Service provider Location Data processed Safeguards
Hetzner Online GmbH Germany 🇪🇺 All database content (server hosting) Within the EU, GDPR-compliant
OpenAI Ireland Ltd. Contracting party EU/Ireland possibly USA (SCCs) Text data, transcriptions, documents, audio data DPA incl. SCCs · no AI training · deletion ≤30 days (DPA §8) + active deletion after the session
ElevenLabs Headquartered in the USA Avatar output text (TTS, LITE mode only) DPA incl. SCCs · no AI training · no storage
HeyGen Inc. / LiveAvatar Headquartered in the USA Streaming metadata, IP addresses (no recording) DPA incl. SCCs · EU-U.S. Data Privacy Framework · logs account-/content-related (no student data)

Third-country transfers: For the transfers to the USA, a transfer impact assessment was carried out.
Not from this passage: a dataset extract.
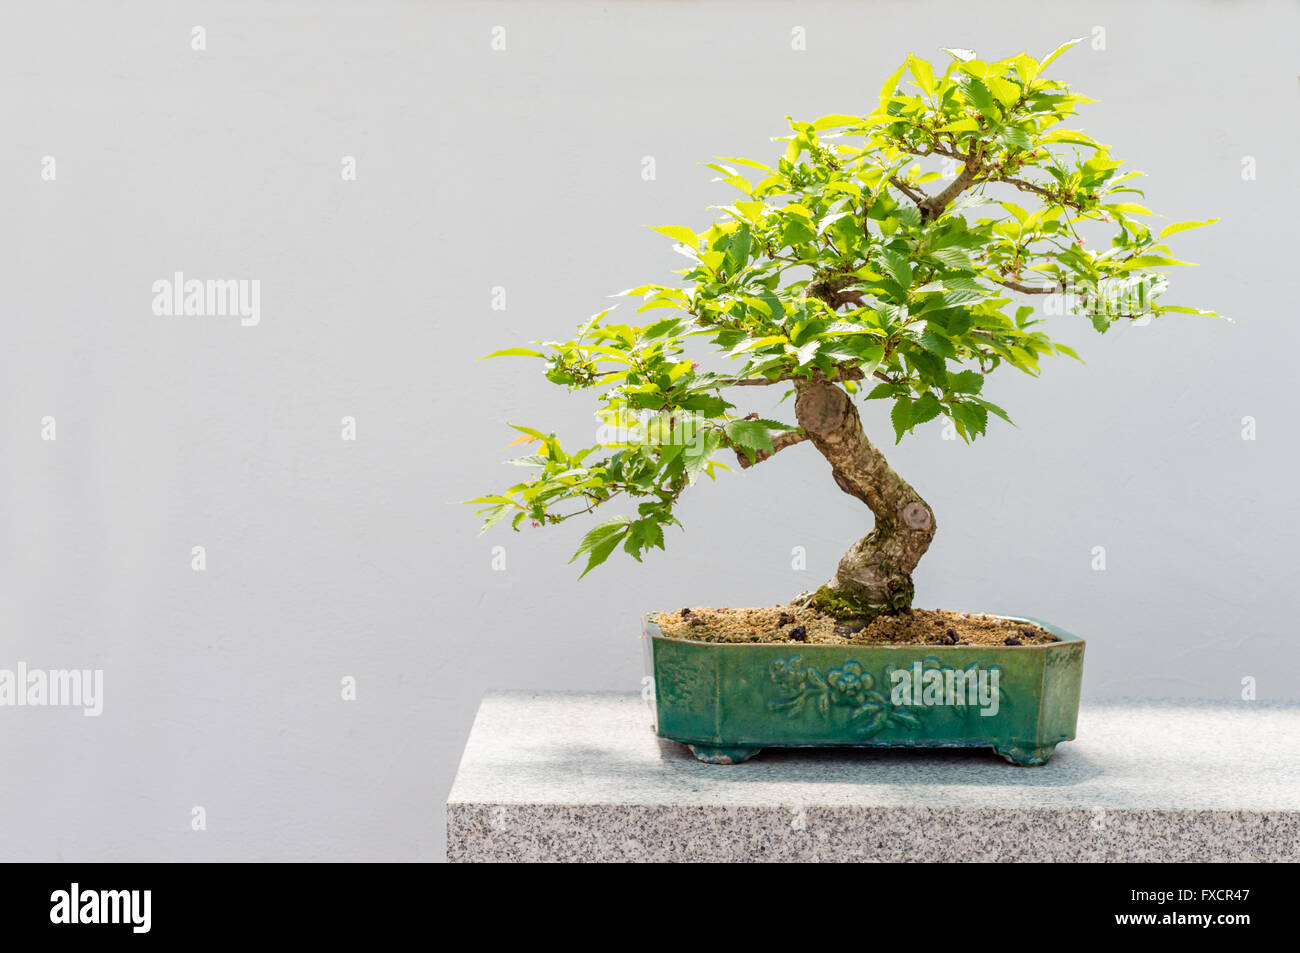 Bonsai tree bonzai tree outdoor hi-res stock photography and images - Alamy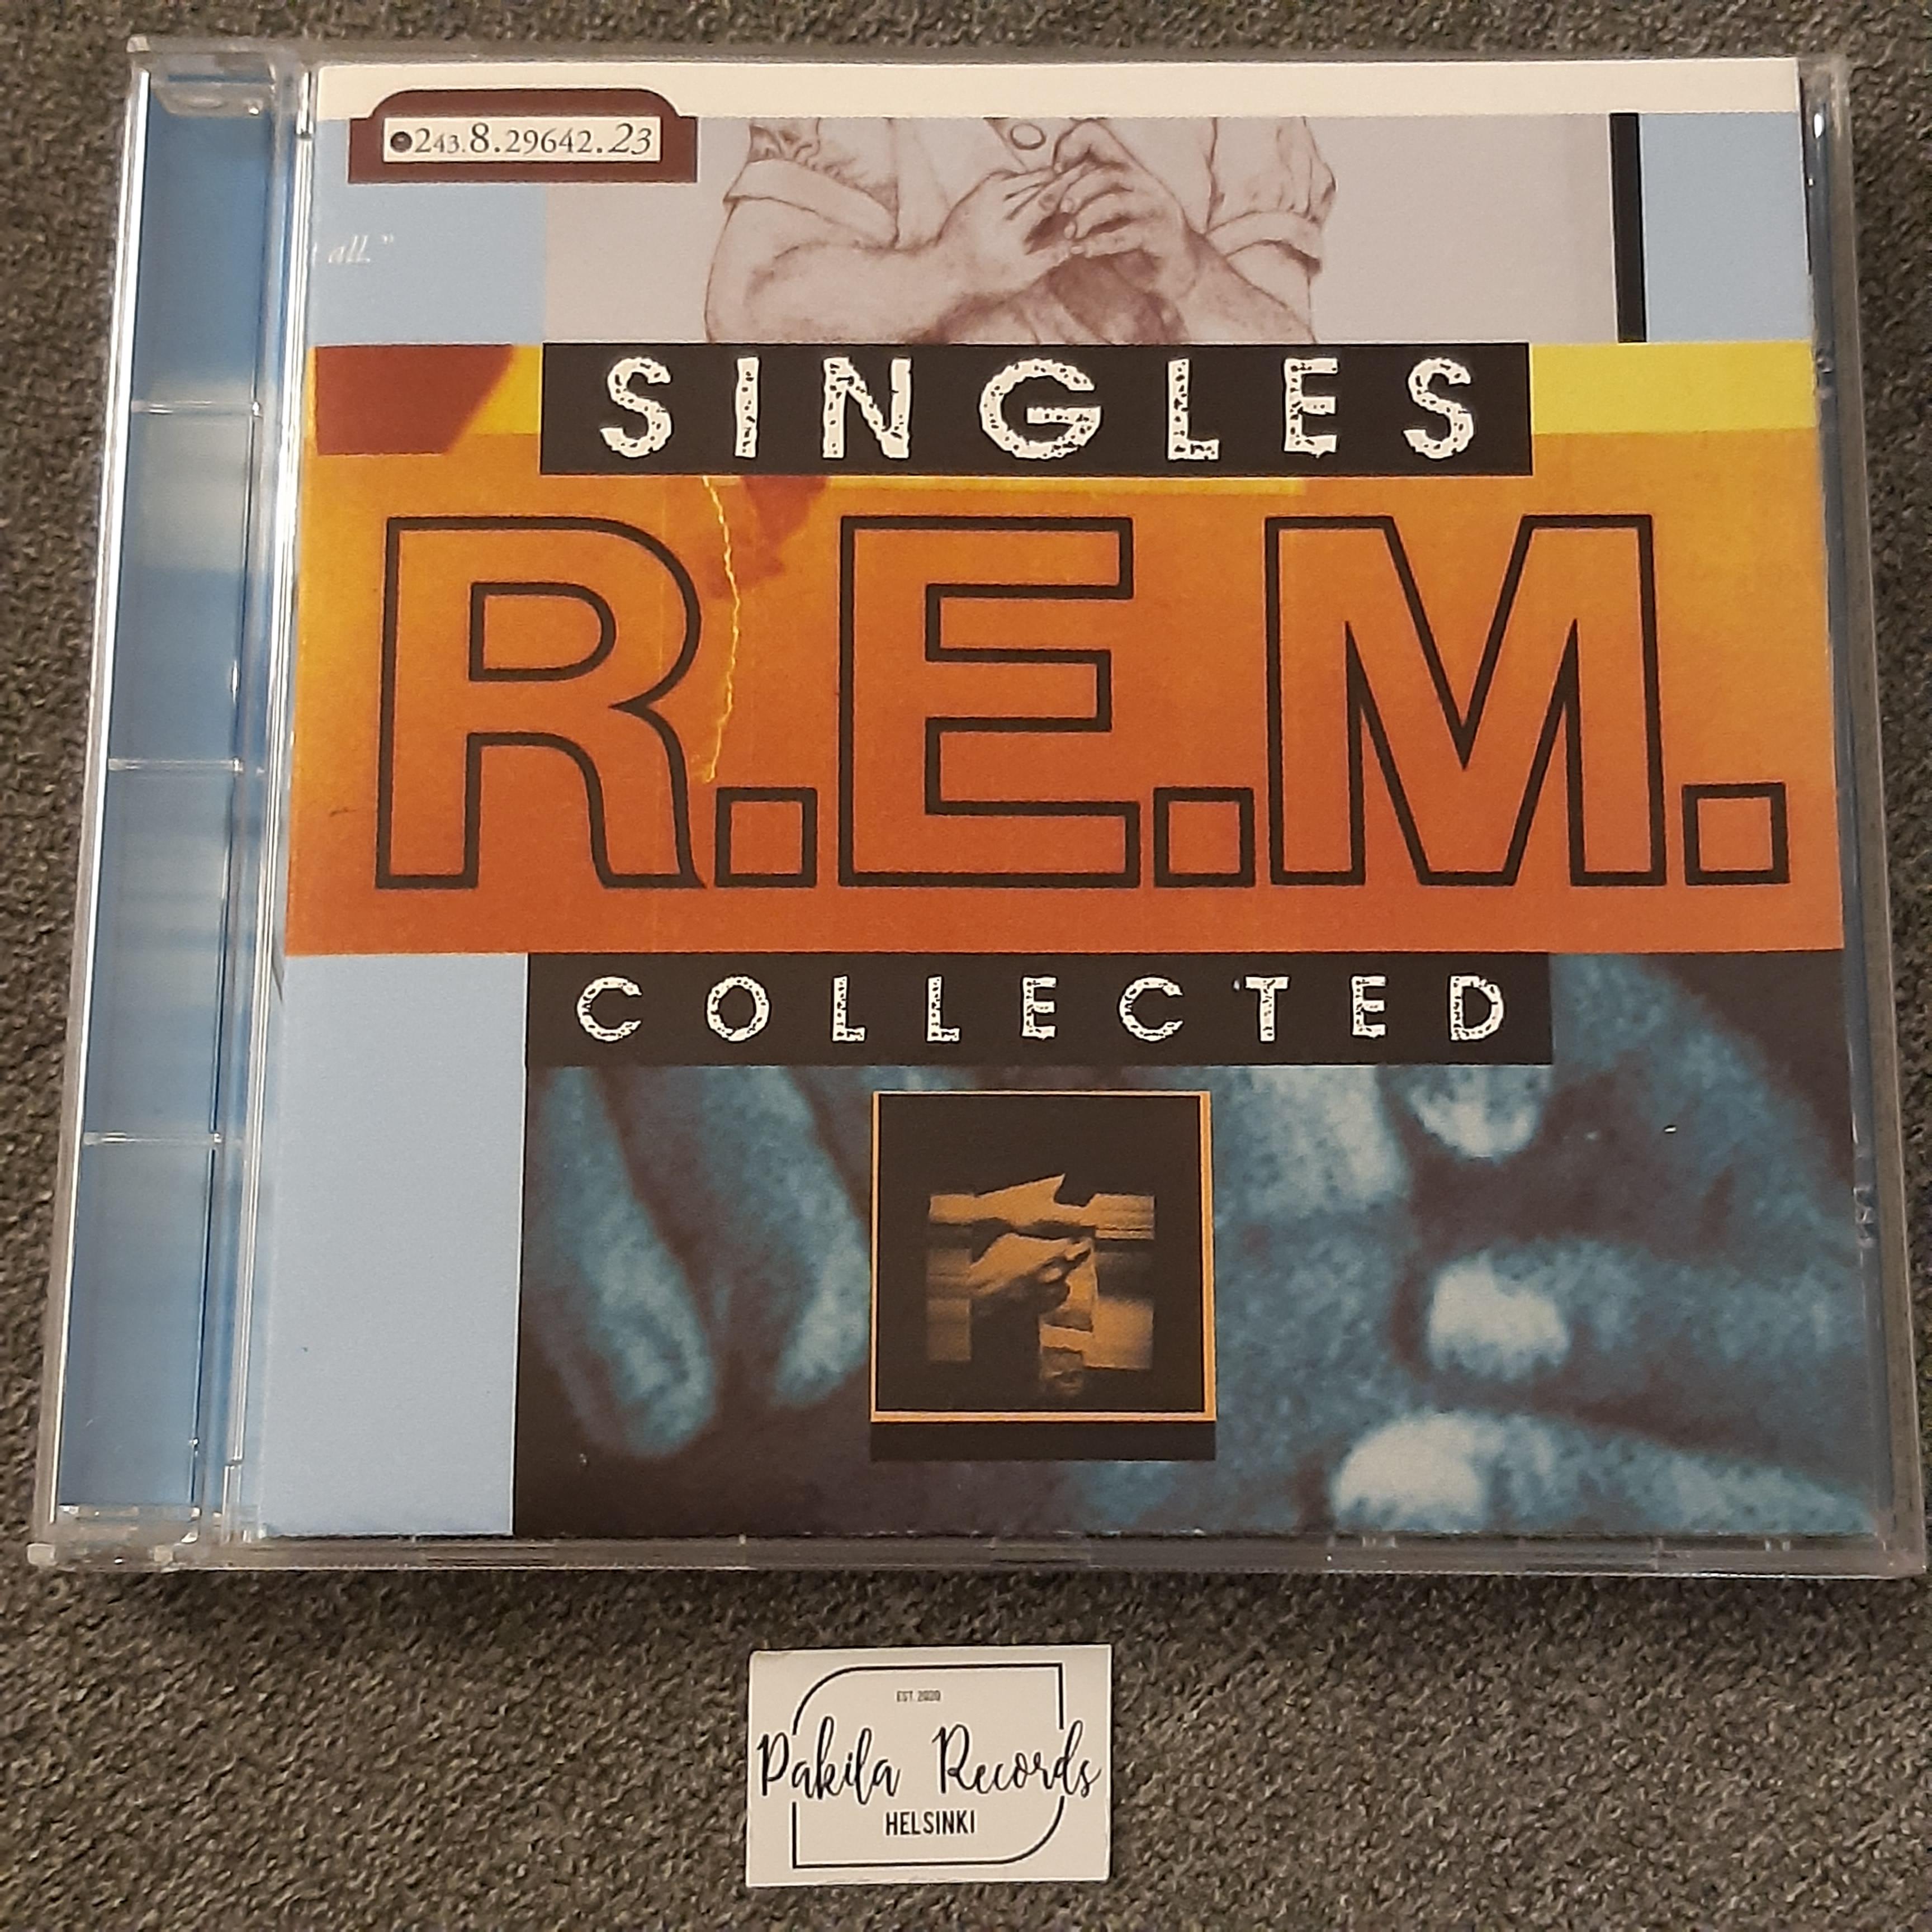 R.E.M. - Singles Collected - CD (käytetty)

In addition to SCCs or the Privacy Framework, data minimisation, short or no retention, pseudonymous accounts and end-to-end TLS encryption reduce the risk. To ElevenLabs, only the AI-generated avatar output text is transmitted — no real user data and no user input; the text merely refers in content to the conversation.

Your control

Rights of data subjects

Please address requests to [email protected].

Access · Art. 15

Overview of all data stored about you.

Rectification · Art. 16

Correction of inaccurate or incomplete data.

Erasure · Art. 17

Account deletion; at OpenAI deletion after the session (≤30 days per the DPA), at ElevenLabs no storage, at HeyGen no recording.

Restriction · Art. 18

Account deactivation: login blocked, data retained.

Data portability · Art. 20

Export in a structured, machine-readable format (e.g. JSON).

Objection & withdrawal · Art. 21 / 7 (3)

Objection to processing, withdrawal of consent given.

Right to complain (Art. 77): The competent supervisory authority for Trainexus UG (a non-public body in Bavaria) is the Bavarian State Office for Data Protection Supervision (BayLDA), Ansbach — lda.bayern.de.

Contact

Controller & contact

Controller pursuant to Art. 4(7) GDPR

Trainexus UG (haftungsbeschränkt)
represented by Paul Dölle, Managing Director
Zum Wachtfels 17
91241 Kirchensittenbach, Germany

Requests & data subject rights

Email: [email protected]

Data processing agreements (DPAs) with OpenAI, ElevenLabs and HeyGen incl. EU Standard Contractual Clauses are on file and can be reviewed on request.